What strike price should I use for RCAT covered calls?

Given RCAT’s high volatility, target strikes 15-25% above the current stock price — roughly the 20-30 Delta range. At a current price of $12.80 that means strikes in the $15-$16 range for 30-day expirations. This provides meaningful buffer against the stock’s tendency to make large moves while still generating significant premium at current IV levels. For a complete guide on strike selection see our How to Pick the Right Strike Price guide.

How much premium can you make selling RCAT covered calls?

At current implied volatility levels of approximately 114%, a 30-day RCAT covered call at a 20% out-of-the-money strike generates approximately $0.80-$1.20 per share. On 1,000 shares that’s $800-$1,200 per month — a monthly yield of approximately 6-9% on the position. Actual results vary with market conditions, strike selection, and timing relative to earnings announcements.

What is the earnings risk for RCAT covered calls?

Red Cat Holdings reports earnings on May 7, 2026 with options implying a 12.8% potential move in either direction. For covered call holders this means a potential gap down of $1.50-$2.00 per share in a single session on a disappointing report. The recommended approach is to close or significantly reduce the position 2-3 days before the May 7 announcement and re-establish after the report. See our complete guide on Best Options Strategy for Earnings.

How many shares of RCAT do you need for covered calls?

Each options contract covers 100 shares — that’s the minimum. At $12.80 per share, 100 shares costs $1,280, making RCAT one of the most accessible covered call candidates in the defense sector. A practical starting position for meaningful income generation is 300-500 shares ($3,840-$6,400) which allows for 3-5 contracts while keeping single-stock exposure manageable.

Should I buy RCAT before or after earnings for covered calls?

After earnings is generally the better entry point for a new covered call position. Post-earnings IV crush will reduce option premiums somewhat but eliminates the gap risk of holding through the announcement. A clean entry after earnings — particularly if the report is strong — gives you a stable price level to anchor your position and a full 30-45 days before the next major catalyst.

How does RCAT compare to other defense stocks for covered calls?

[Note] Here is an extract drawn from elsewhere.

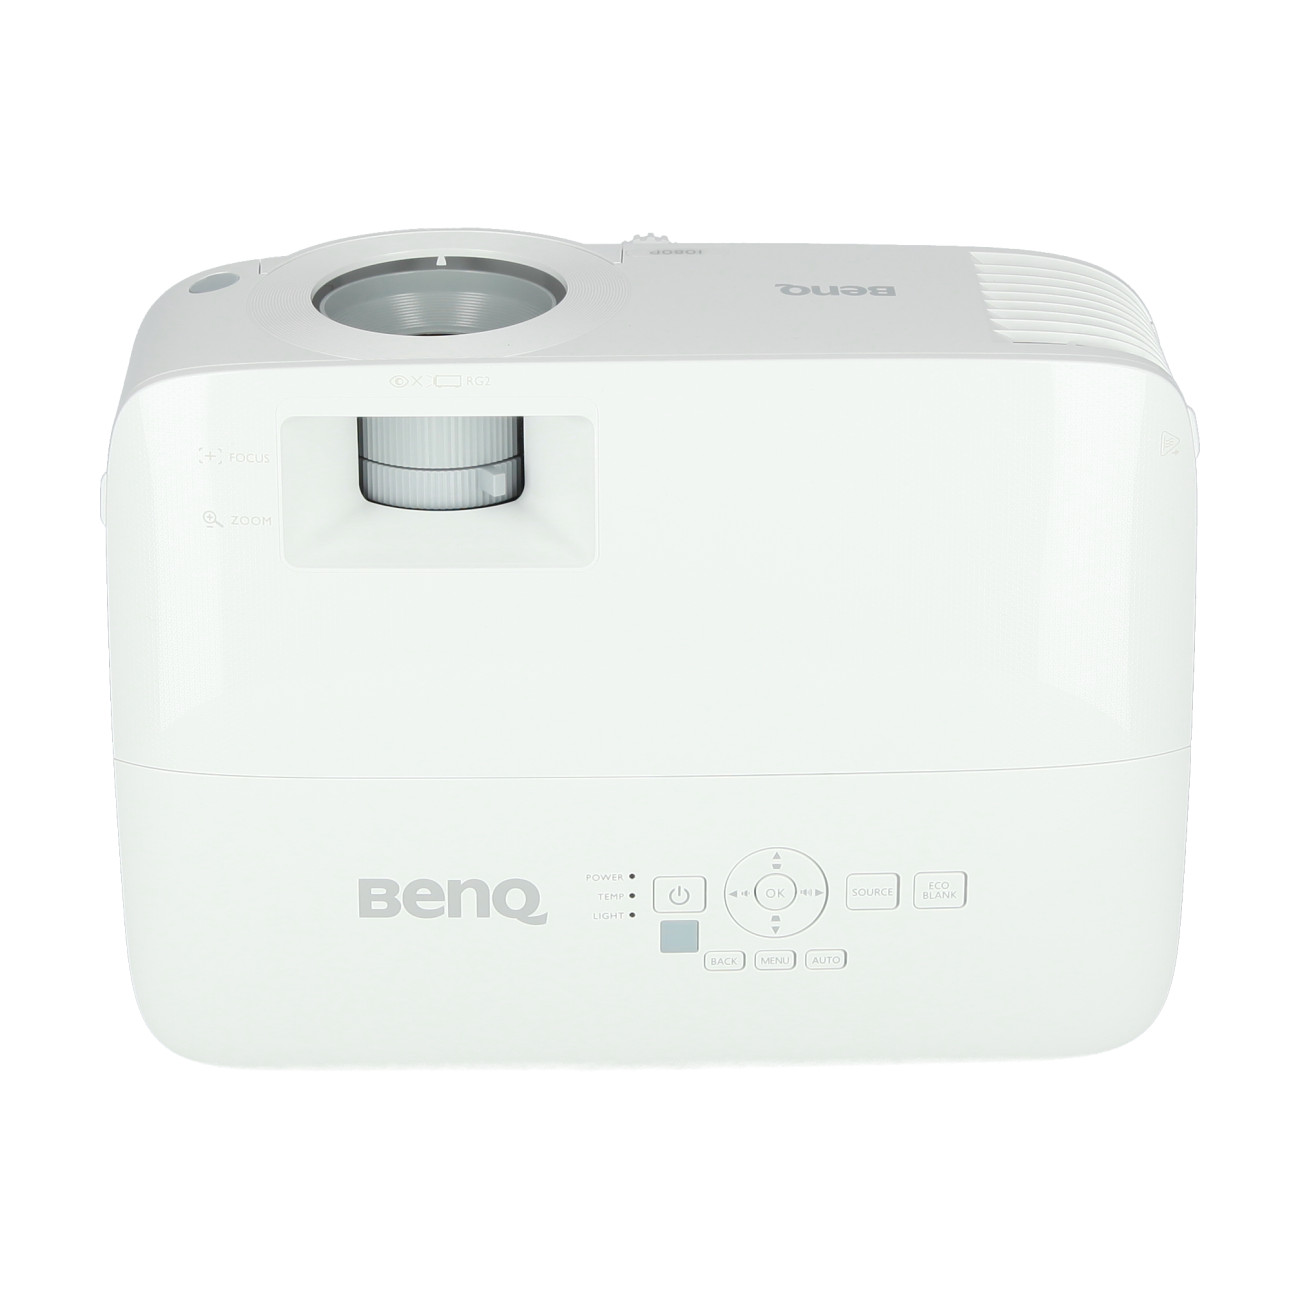 Benq-MH560-Beamer-1920-x-1080-Full-HD-3-800-ANSI-Lumen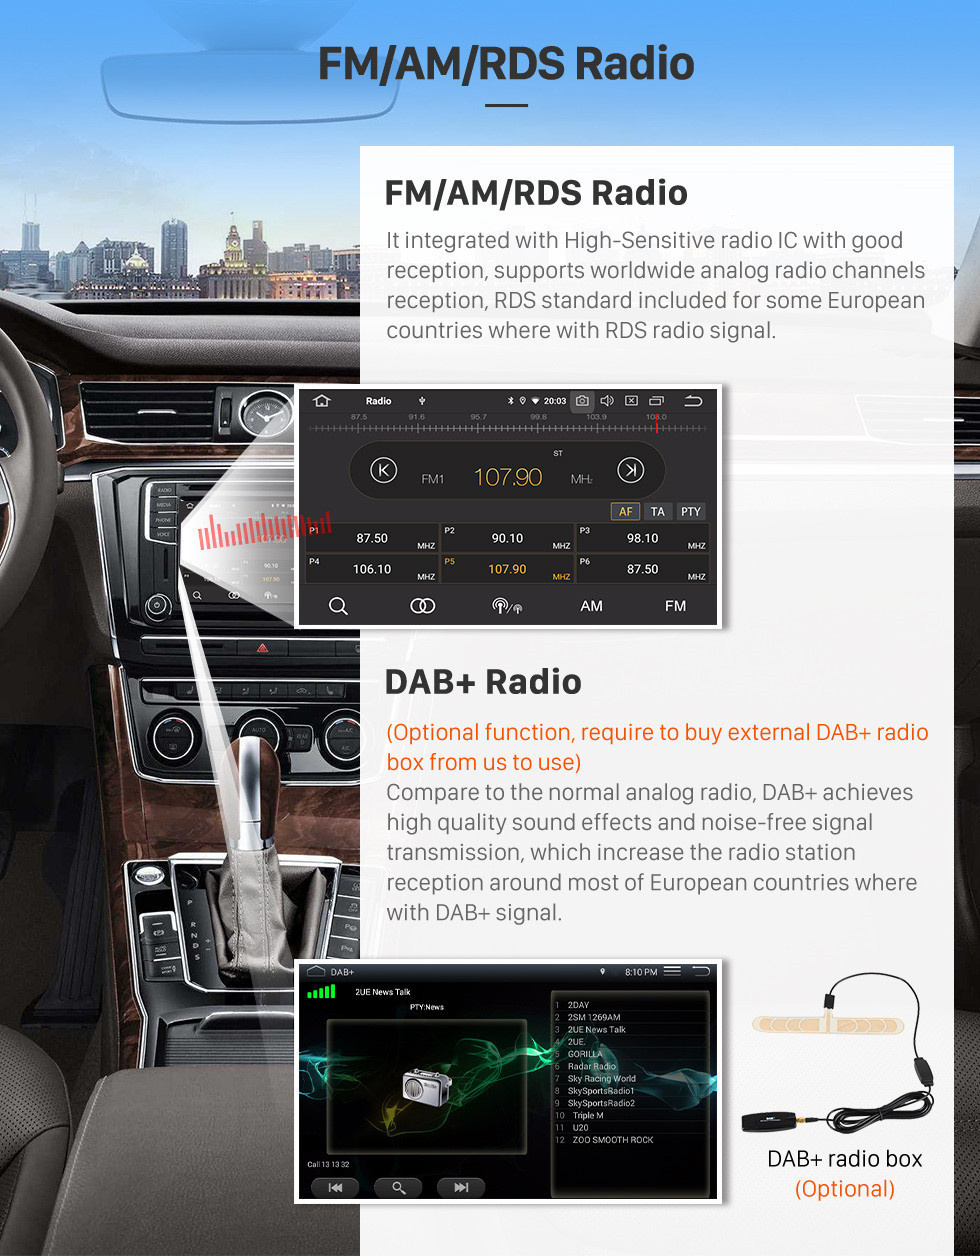 Seicane 2009 Nissan Sylphy Android 11.0 10.1 polegada Navegação GPS Rádio Bluetooth AUX HD Touchscreen USB Carplay suporte TPMS DVR Digital TV Backup camera

RCAT’s 114% implied volatility significantly exceeds most larger defense contractors — Lockheed Martin, Raytheon, and Northrop Grumman typically trade at 20-30% IV with correspondingly lower premiums. The tradeoff is stability: large-cap defense stocks are far more predictable while RCAT can move 10-15% in a week. For income traders comfortable with small-cap volatility, RCAT’s premium quality is exceptional. For traders who prioritize stability, larger defense names are more appropriate.

What is implied volatility and why does it matter for covered calls?

Implied volatility (IV) is the market’s expectation of how much a stock will move over a given period, expressed as an annualized percentage. For covered call sellers, high IV is a direct benefit — it means the options you’re selling are more expensive, so you collect more premium for the same strike and expiration. RCAT’s 114% IV is approximately 3-5x higher than a typical large-cap stock, which is why its covered call premiums are so exceptional relative to its share price. See our complete guide on What Is Implied Volatility.